*** Block opens ***

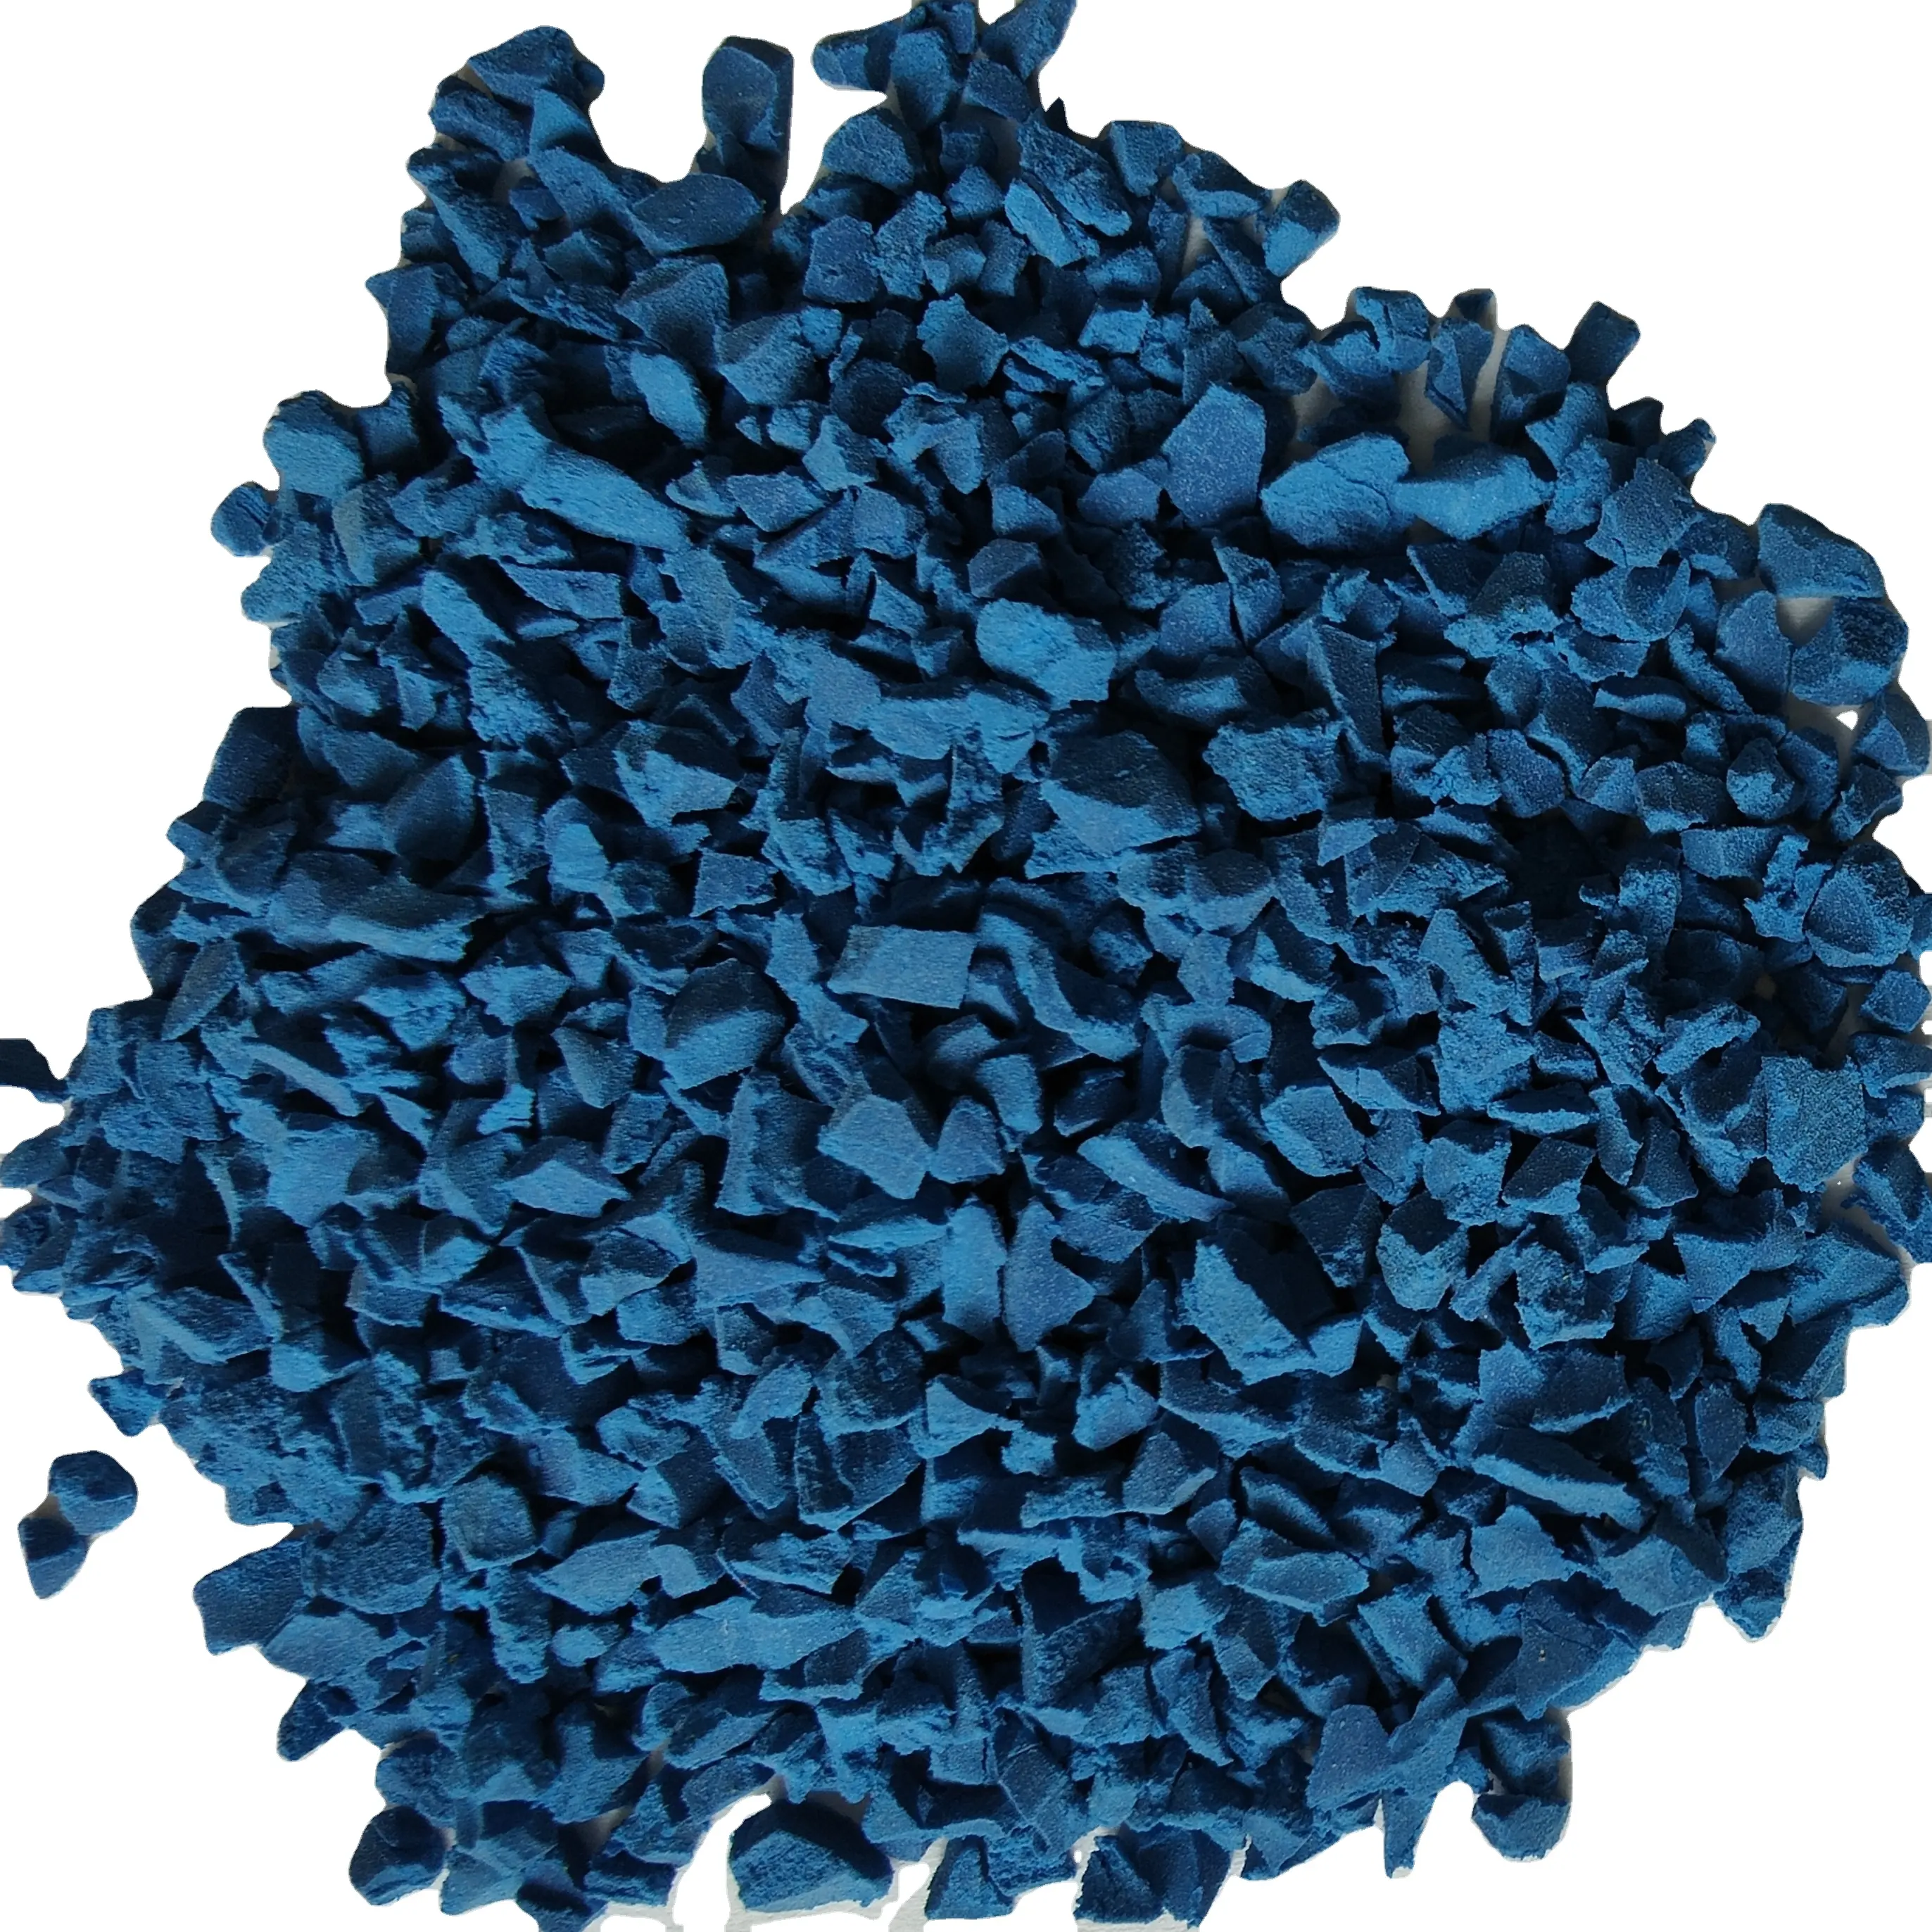 Koyu mavi EPDM kauçuk granüller plastik koşu parça okul oyun alanı yüksek kalite spor kauçuk malzeme üreticisi fiyat
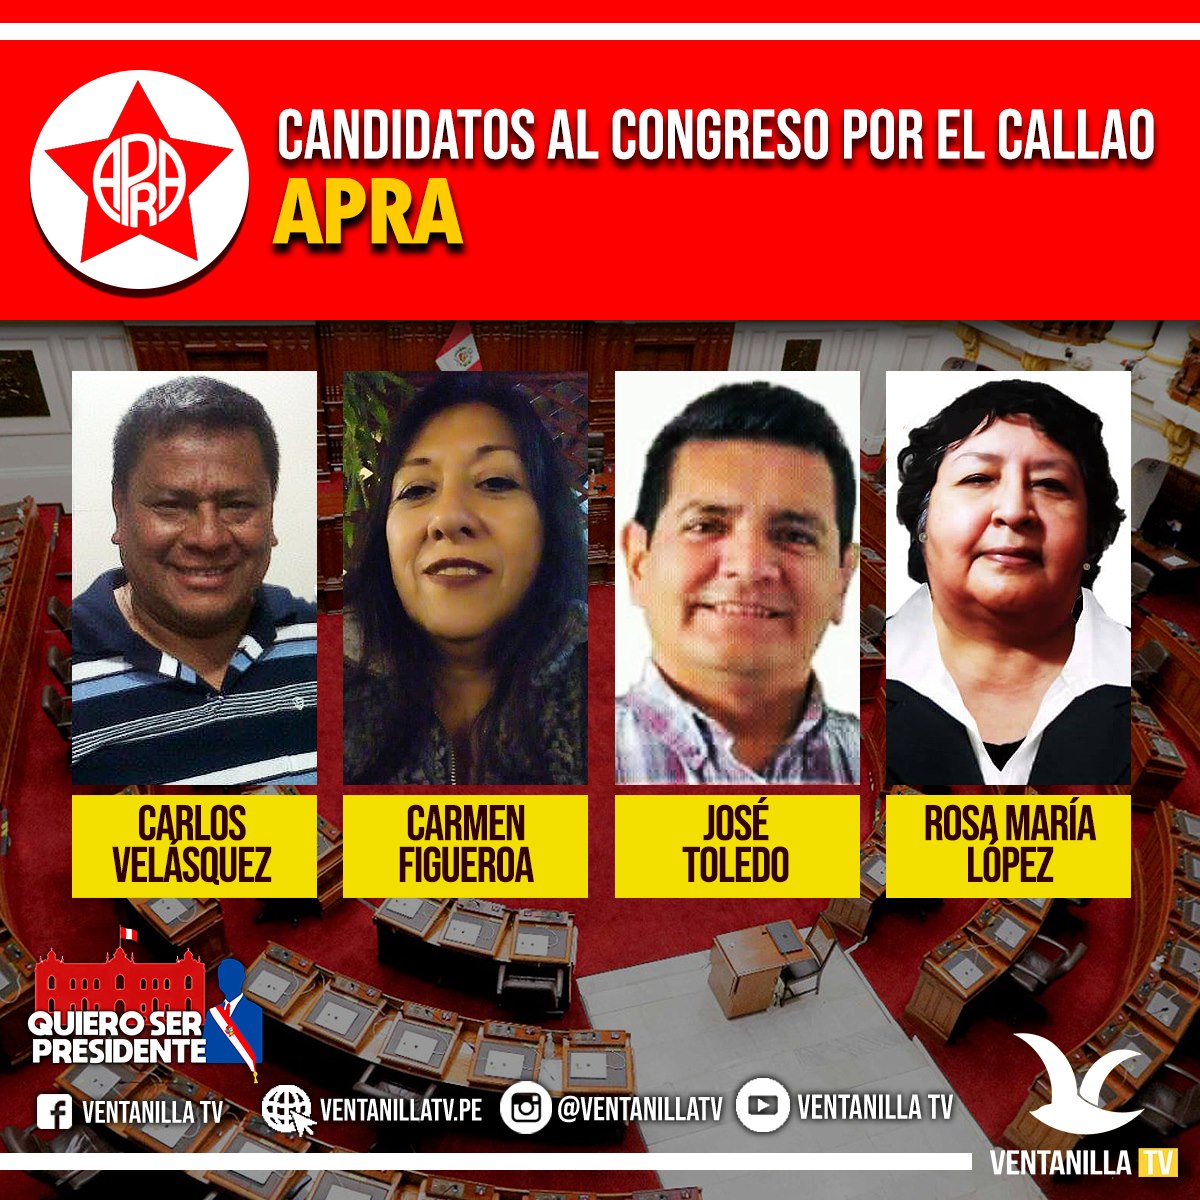 Conozca A Los Candidatos Al Congreso De La RepÚblica 2021 Ventanilla Tv 6758
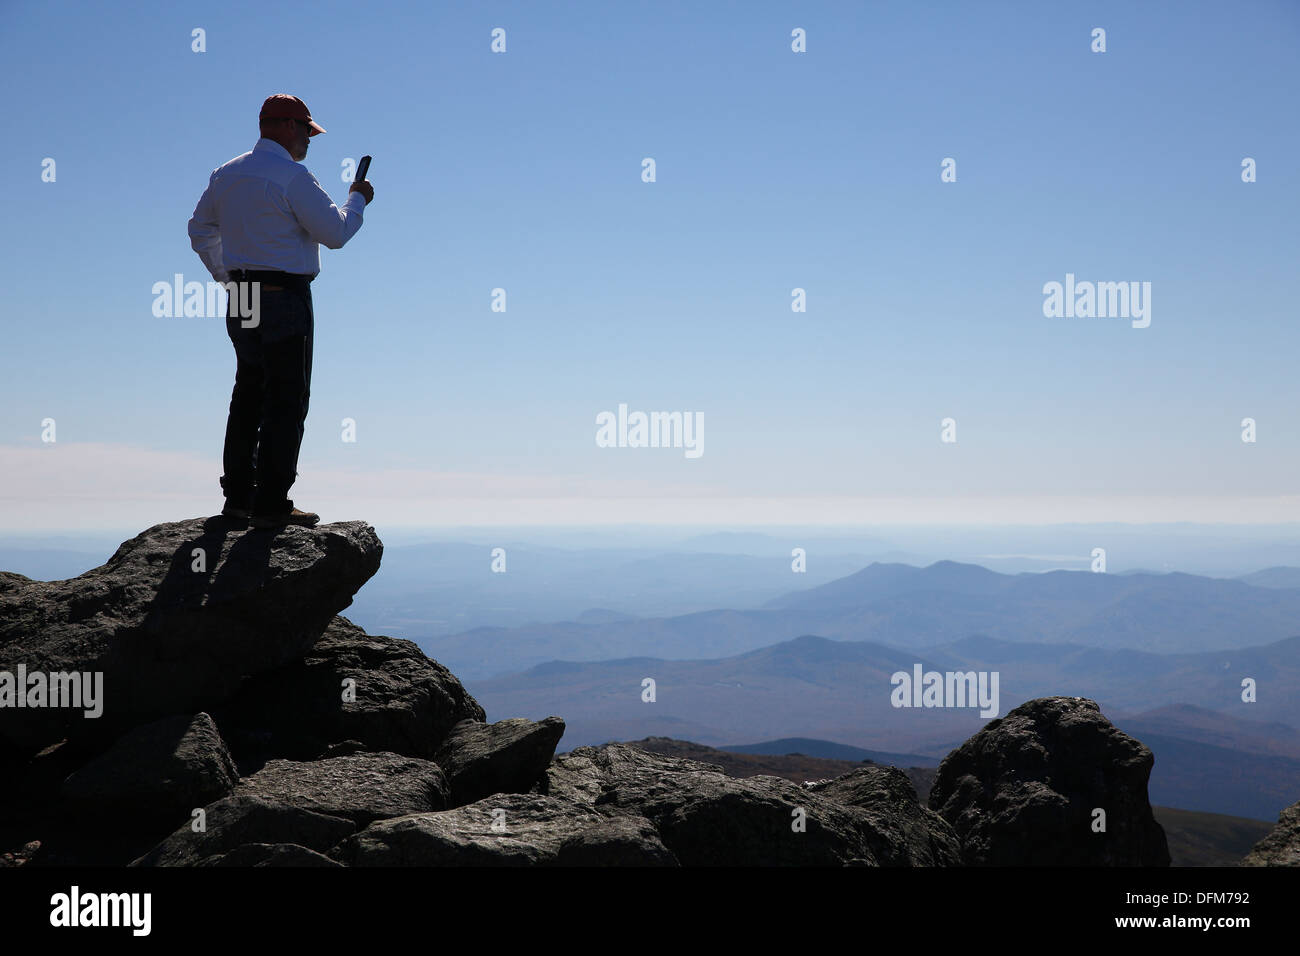 Tourist prende una foto con uno smartphone sulla cima di Mount Washington, New Hampshire, STATI UNITI D'AMERICA Foto Stock
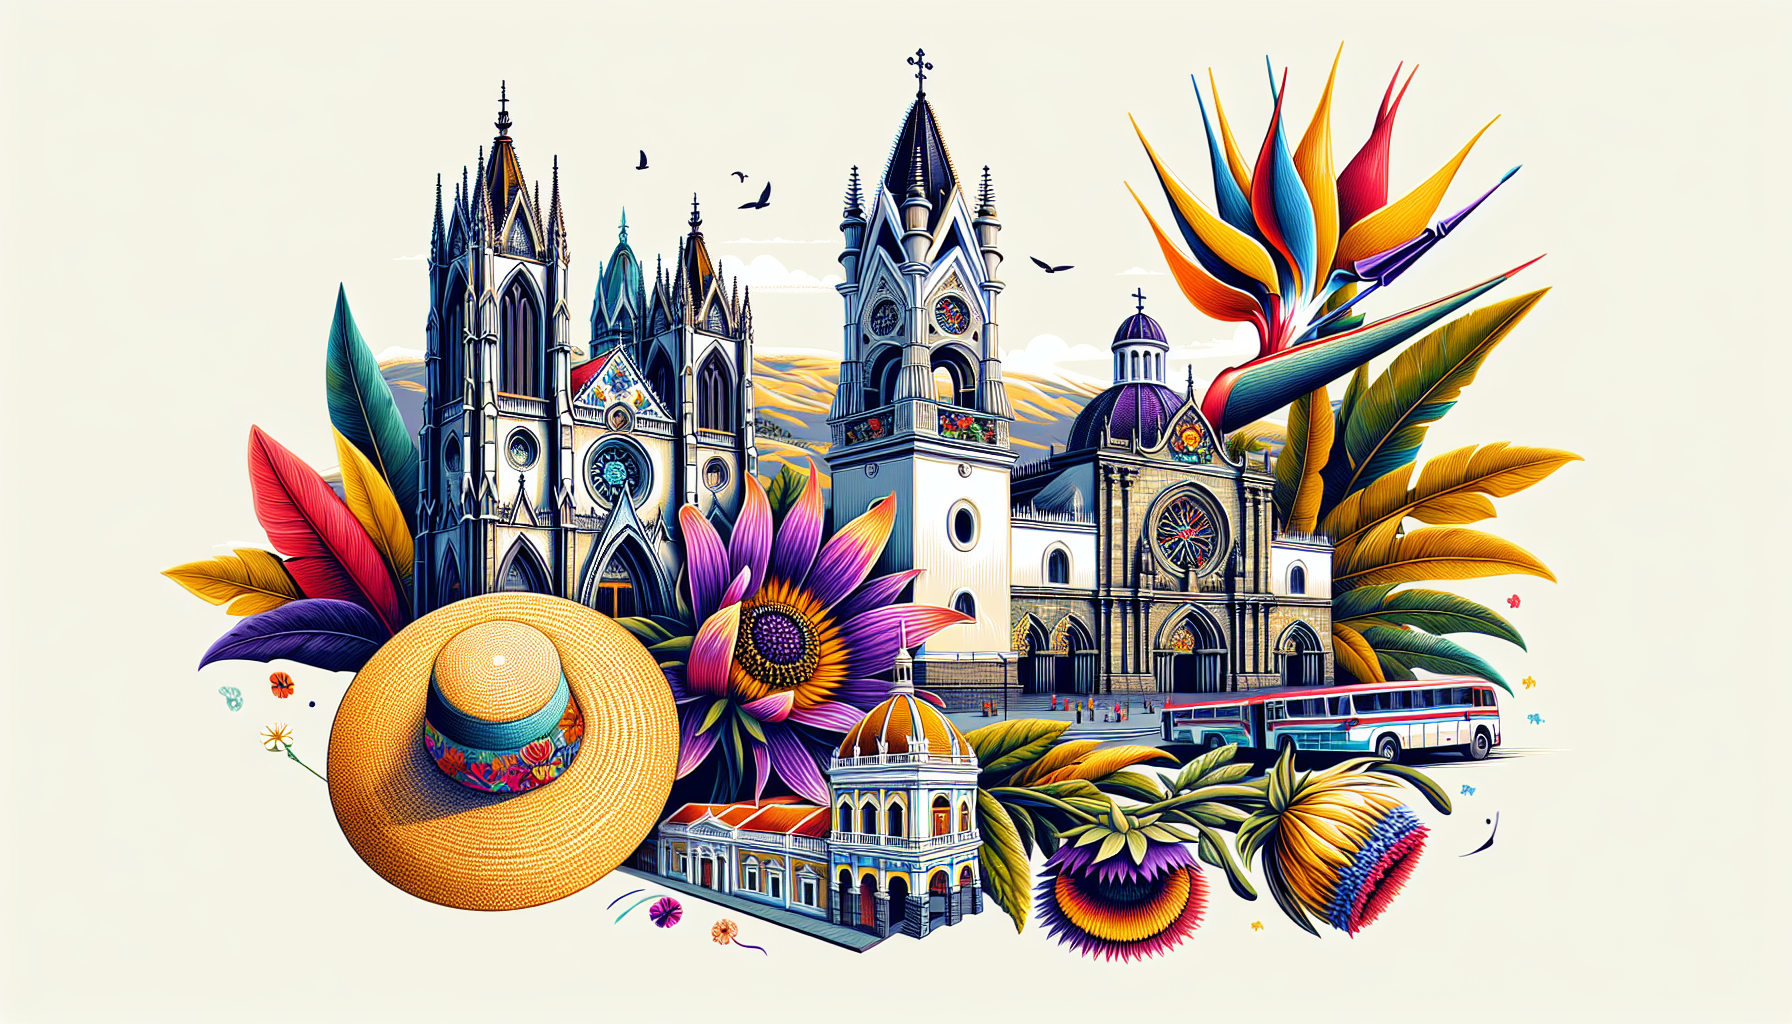 Create a picturesque scene illustrating the most iconic churches of Ecuador, featuring the neo-Gothic Basílica del Voto Nacional in Quito, the ornate La Compañía de Jesús, and the historic Cathedral o

*** Block closes ***

= Goal of the exercise =
Exact copy, no images: rewrite the entire listing above.

= Exercise result =
 Koyu mavi EPDM kauçuk granüller plastik koşu parça okul oyun alanı yüksek kalite spor kauçuk malzeme üreticisi fiyat
 Conozca A Los Candidatos Al Congreso De La RepÚblica 2021 Ventanilla Tv 6758
 Tourist prende una foto con uno smartphone sulla cima di Mount Washington, New Hampshire, STATI UNITI D'AMERICA Foto Stock
 Create a picturesque scene illustrating the most iconic churches of Ecuador, featuring the neo-Gothic Basílica del Voto Nacional in Quito, the ornate La Compañía de Jesús, and the historic Cathedral o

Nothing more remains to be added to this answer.